The field of artificial intelligence (AI) is finally yielding valuable smart devices and applications that do more than win games against human champions. According to a report from the Frederick S. Pardee Center for International Futures at the University of Denver, the products of AI are changing the competitive landscape in several industry sectors and are poised to upend operations in many business functions.
So, what do managers need to know about AI?
and the Boston Consulting Group have joined forces to find out. Our new research initiative, Artificial Intelligence & Business Strategy, explores the most important business opportunities and challenges from AI.
Artificial intelligence covers a diverse set of abilities, much like Howard Gardner’s breakdown of human intelligence into multiple intelligences. These abilities include deep learning, reinforcement learning, robotics, computer vision, and natural language processing. The first report from Stanford’s One Hundred Year Study on Artificial Intelligence — “Artificial Intelligence and Life in 2030” — lists 11 applications of AI altogether. Each of these represents narrow AI, which is defined as a machine-based system designed to address a specific problem (such as playing Go or chess) by refining its own solution using rules and approaches not specifically programmed by its maker.
More general AI refers to a system that can solve many types of problems on its own and is self-aware. No such general AI system currently exists (at least none have made it into public view). Two reports — the White House Office of Science and Technology Policy’s 2016 report called “Preparing for the Future of Artificial Intelligence” and the Stanford paper mentioned earlier — offer more detail on the various types of narrow AI.

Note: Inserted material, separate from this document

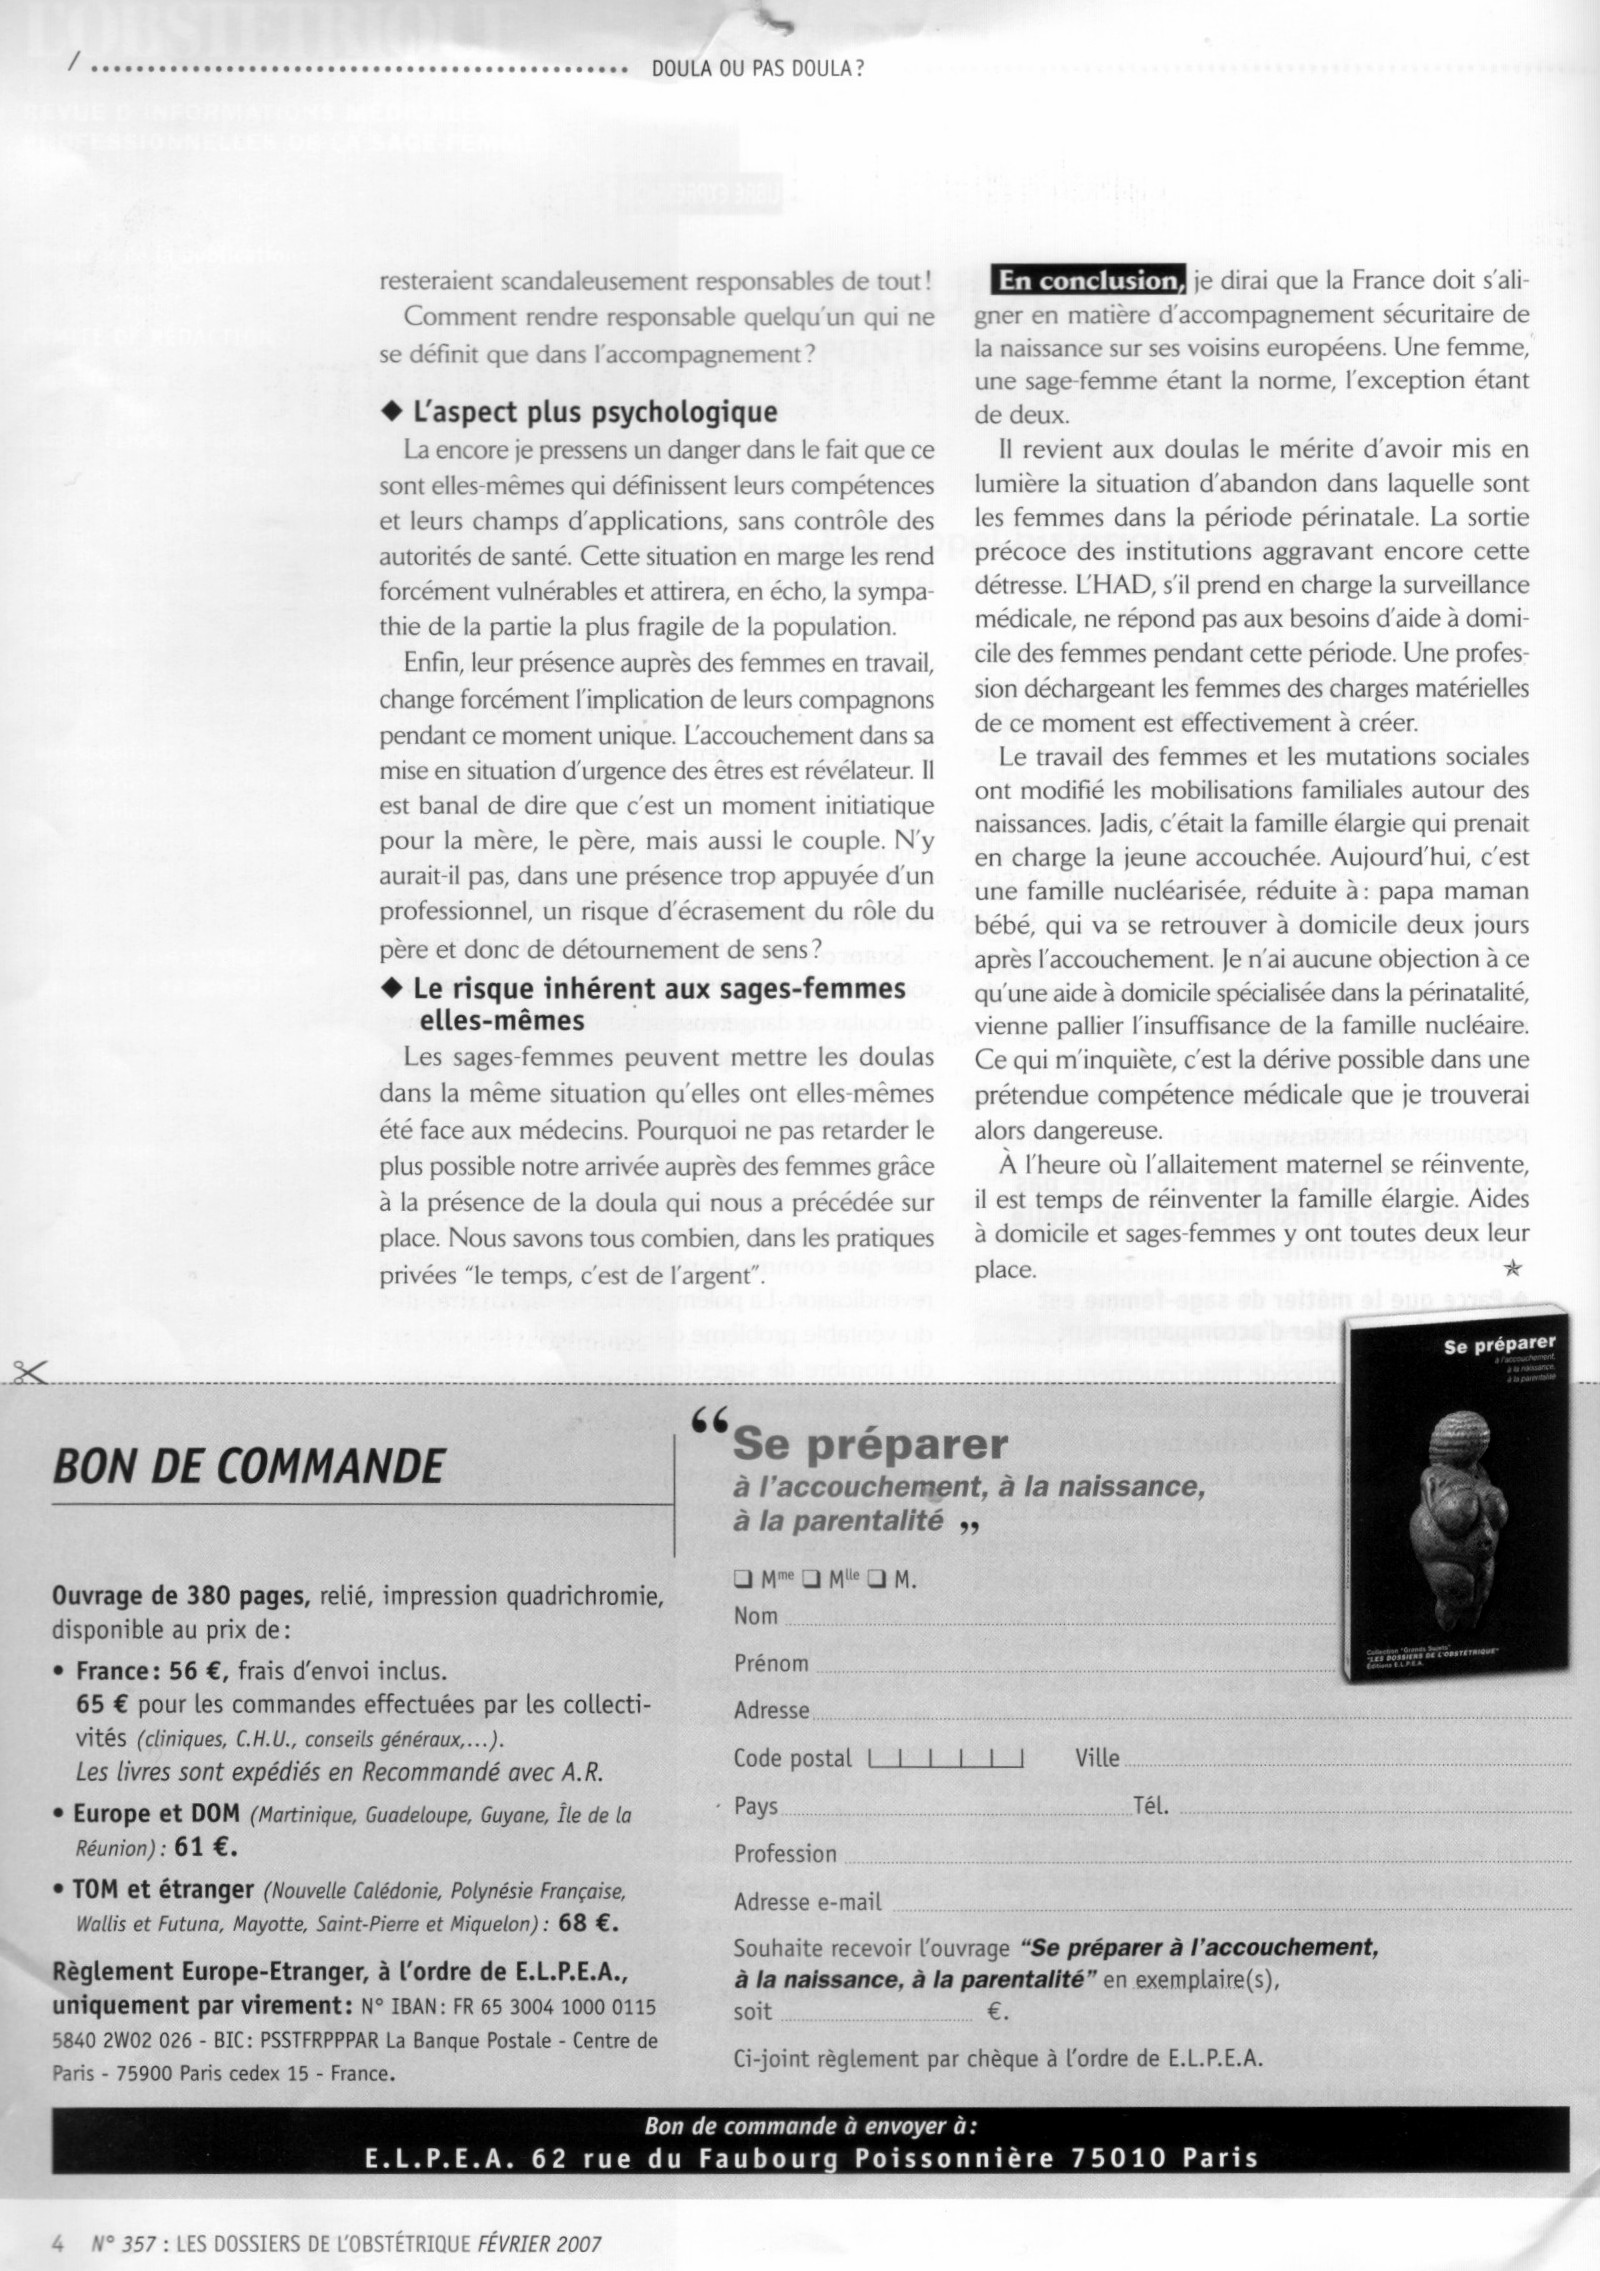 200702-DoulaOuPasDoula-3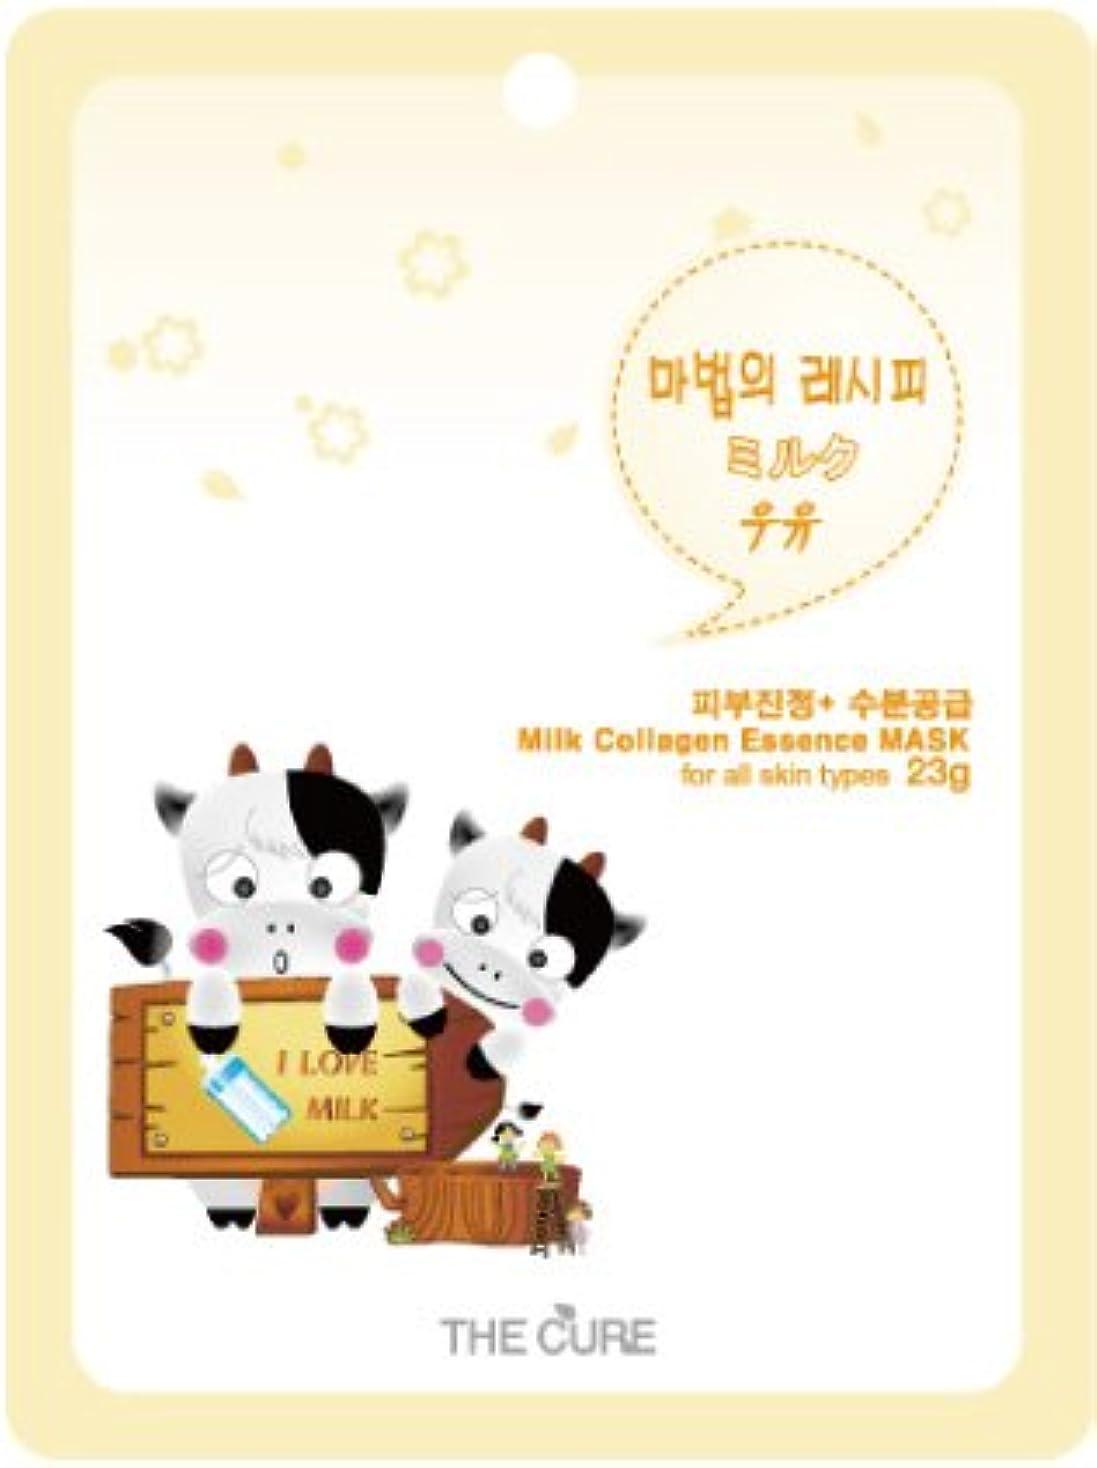 アルコーブ動的忙しいミルク コラーゲン エッセンス マスク THE CURE シート パック 10枚セット 韓国 コスメ 乾燥肌 オイリー肌 混合肌

In a forthcoming article, slated to be published in February 2017, Ajay Agrawal, Joshua Gans, and Avi Goldfarb provide a managerial perspective of AI and argue that the business value of AI consists of its ability to lower the cost of prediction, just as computers lowered the cost of arithmetic. They note that when looking to assess the impact of radical technological change, one should determine which task’s cost it is reducing. For AI, they argue, that task is prediction, or the ability to take the information you have and generate information you don’t have.
From this perspective, the current wave of AI technologies is enhancing managers’ ability to make predictions (such as identifying which job candidates will be most successful), and that the most valuable worker skills will continue to involve judgment (such as mentoring, providing emotional support, and taking ethical positions). Humans have more advanced judgment skills than computers, a state of affairs that will continue into the near future. One implication: Managerial skill sets will need to adjust as prediction tasks are given over to computers. More generally, the implications of this trend will have an impact far beyond individual skill sets.
AI is already having an effect on the composition and deployment of workforces in a variety of industries. In their forthcoming article, Agrawal and colleagues point out that at the start of the 21st century, the set of recognized prediction problems were classic statistical questions, such as inventory management and demand forecasting, but over the last 10 years, researchers have learned that image recognition, driving, and translation may also be framed as prediction problems.